Work to be completed
Span requested from the data below: the line with "パプアニューギニアレジデンス枠使い捨て手袋 プラスティック手袋 極薄ビニール手袋" through the line with "Куртка демисезонная для", both included. Give only these lines again, exactly, and leave every picture out.
*** Opening of Data for the task ***
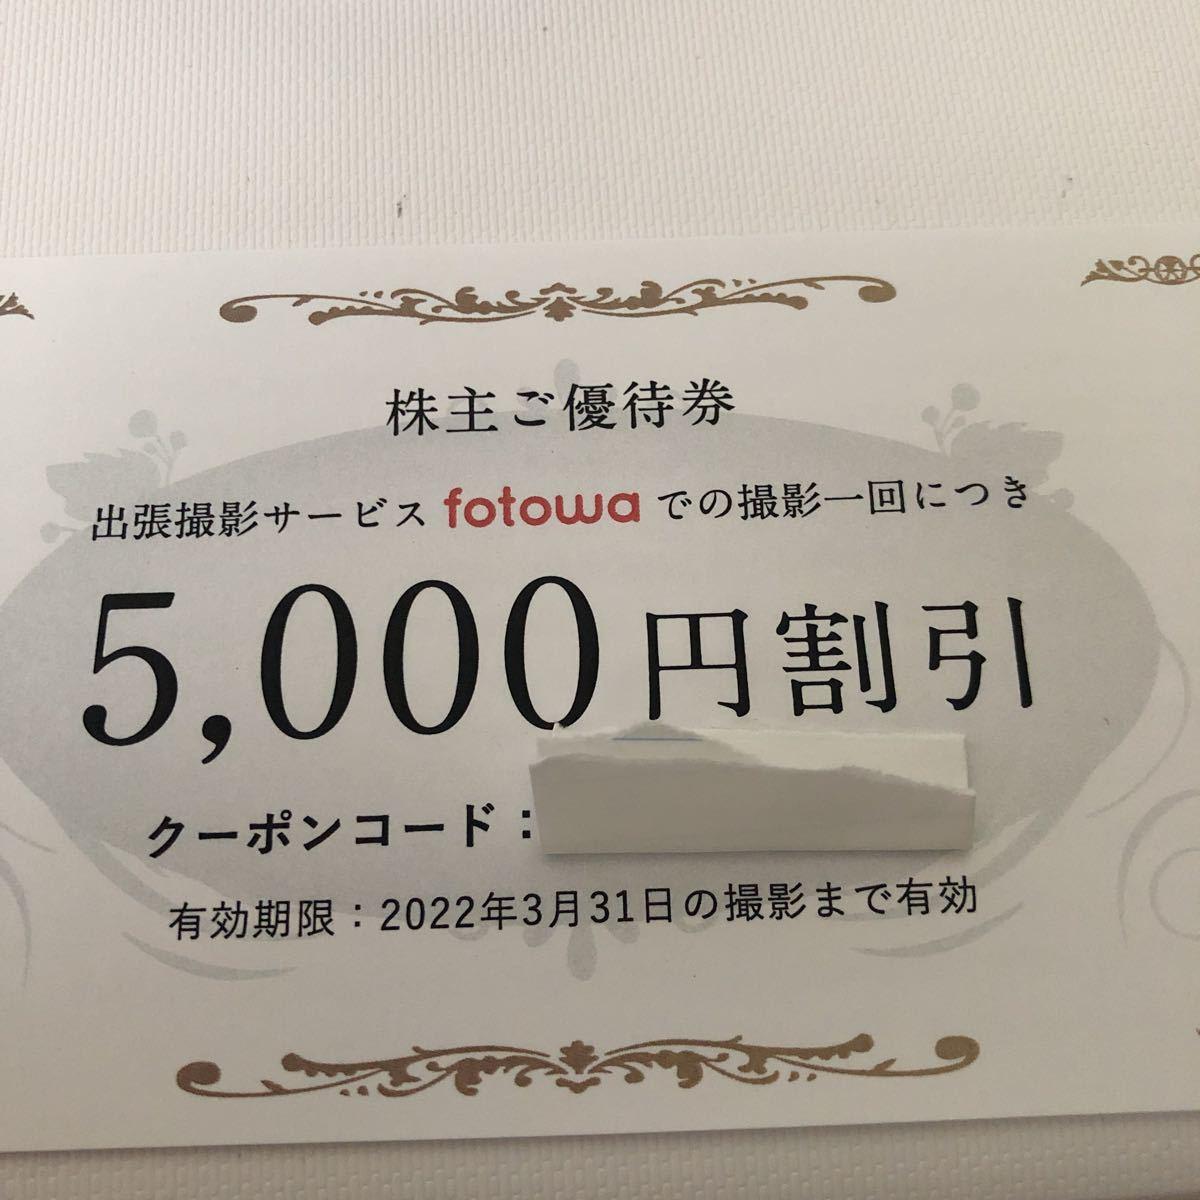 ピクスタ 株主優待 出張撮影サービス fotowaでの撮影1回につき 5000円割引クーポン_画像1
*** Close of Data for the task ***
*** Opening of Data for the task ***
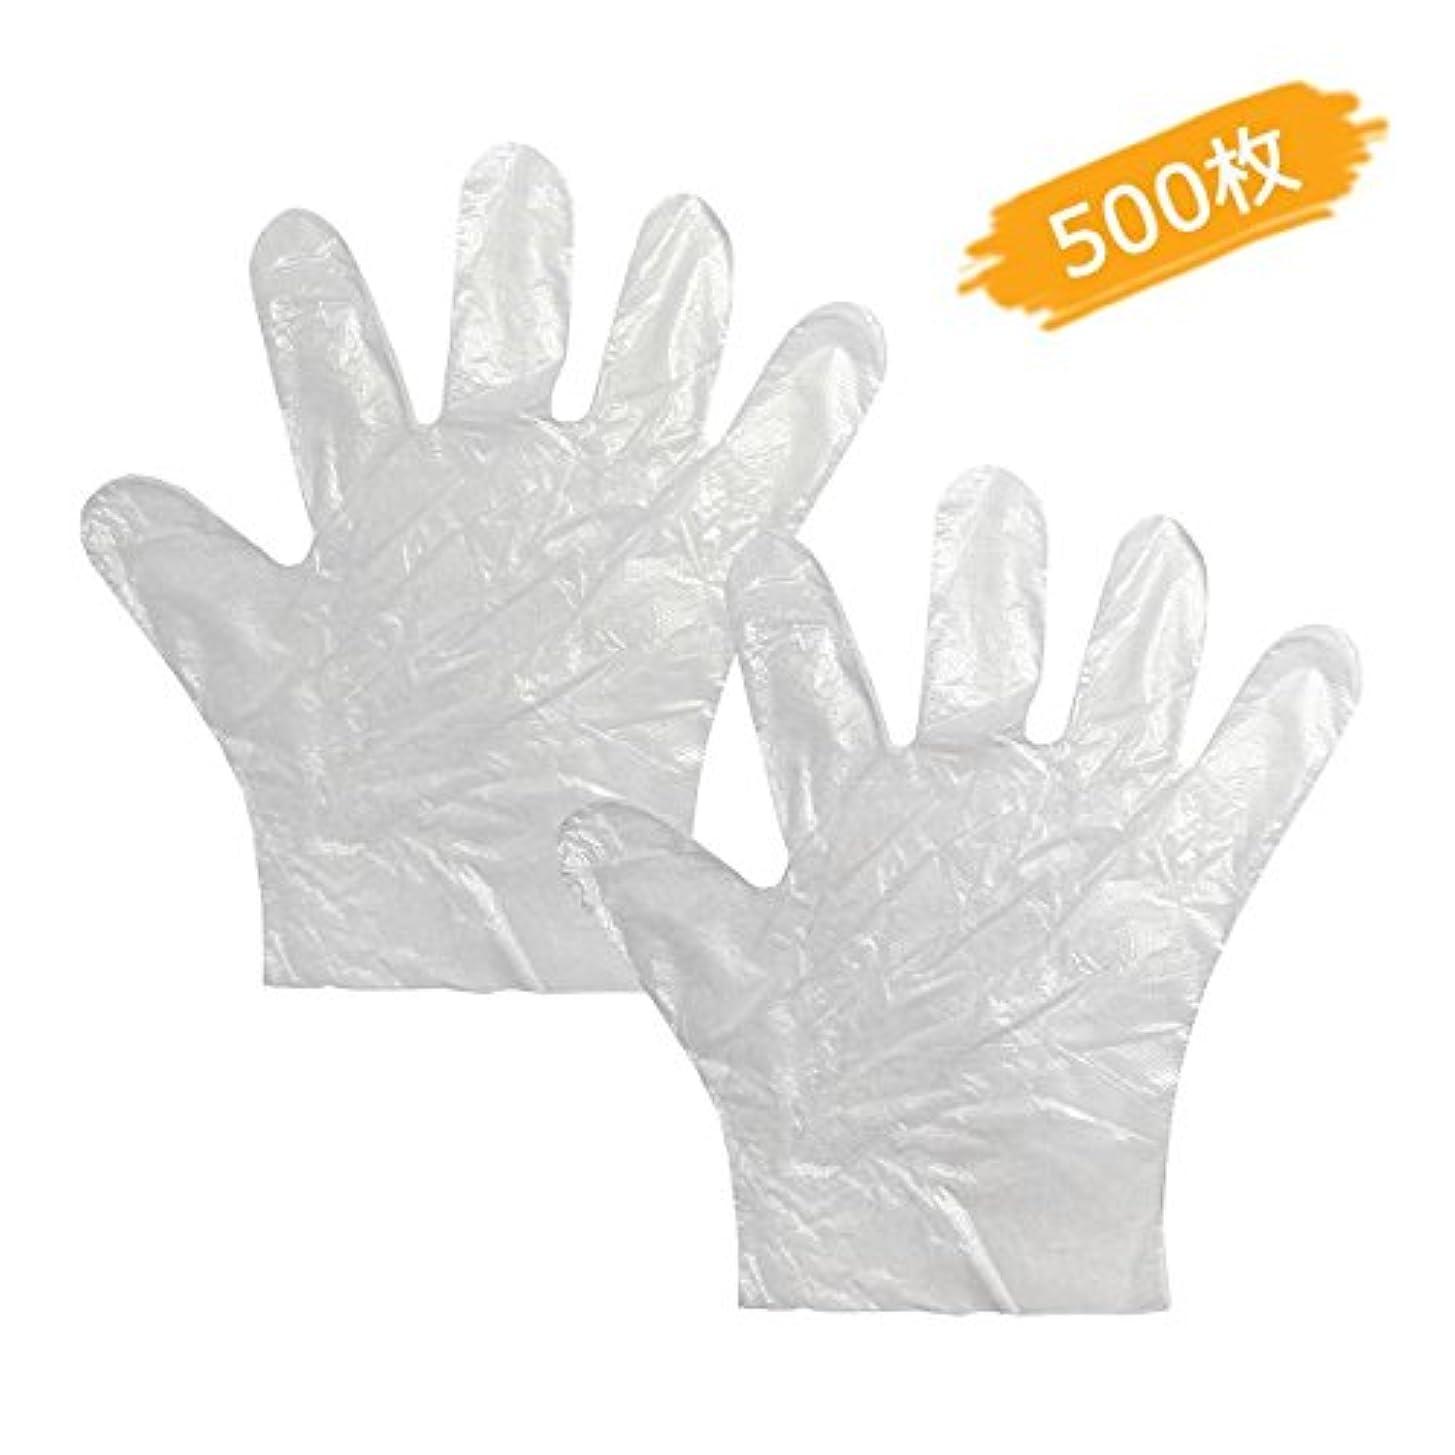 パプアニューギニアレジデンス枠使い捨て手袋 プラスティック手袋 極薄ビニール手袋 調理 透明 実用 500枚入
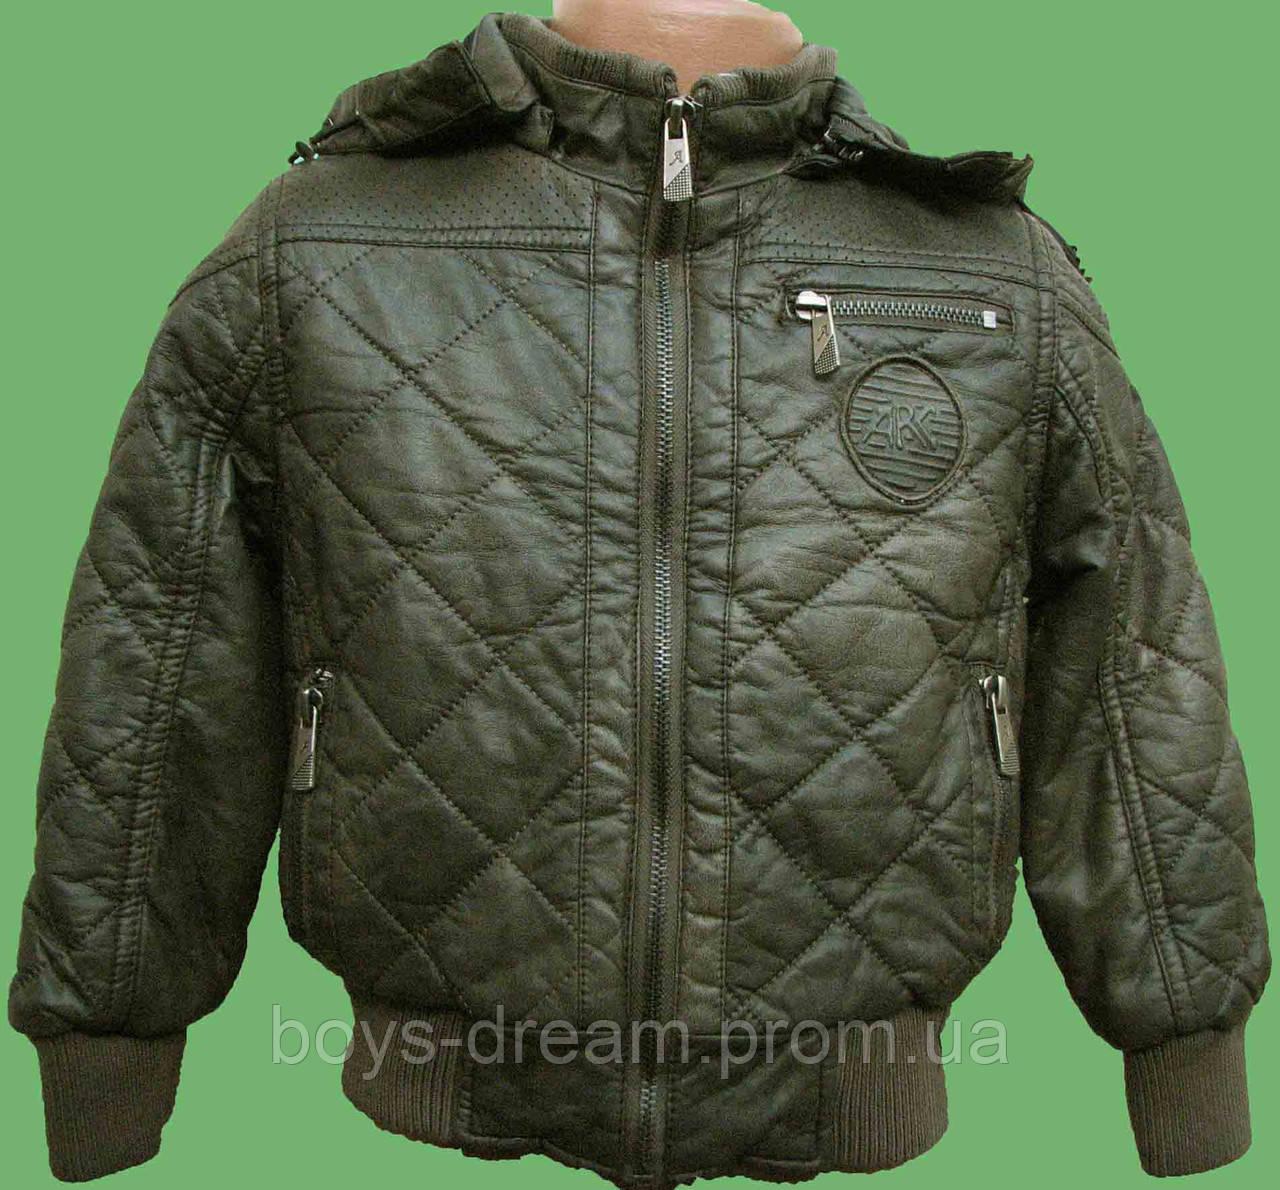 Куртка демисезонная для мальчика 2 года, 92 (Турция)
*** Close of Data for the task ***
Result of the exercise
 パプアニューギニアレジデンス枠使い捨て手袋 プラスティック手袋 極薄ビニール手袋 調理 透明 実用 500枚入
 Куртка демисезонная для мальчика 2 года, 92 (Турция)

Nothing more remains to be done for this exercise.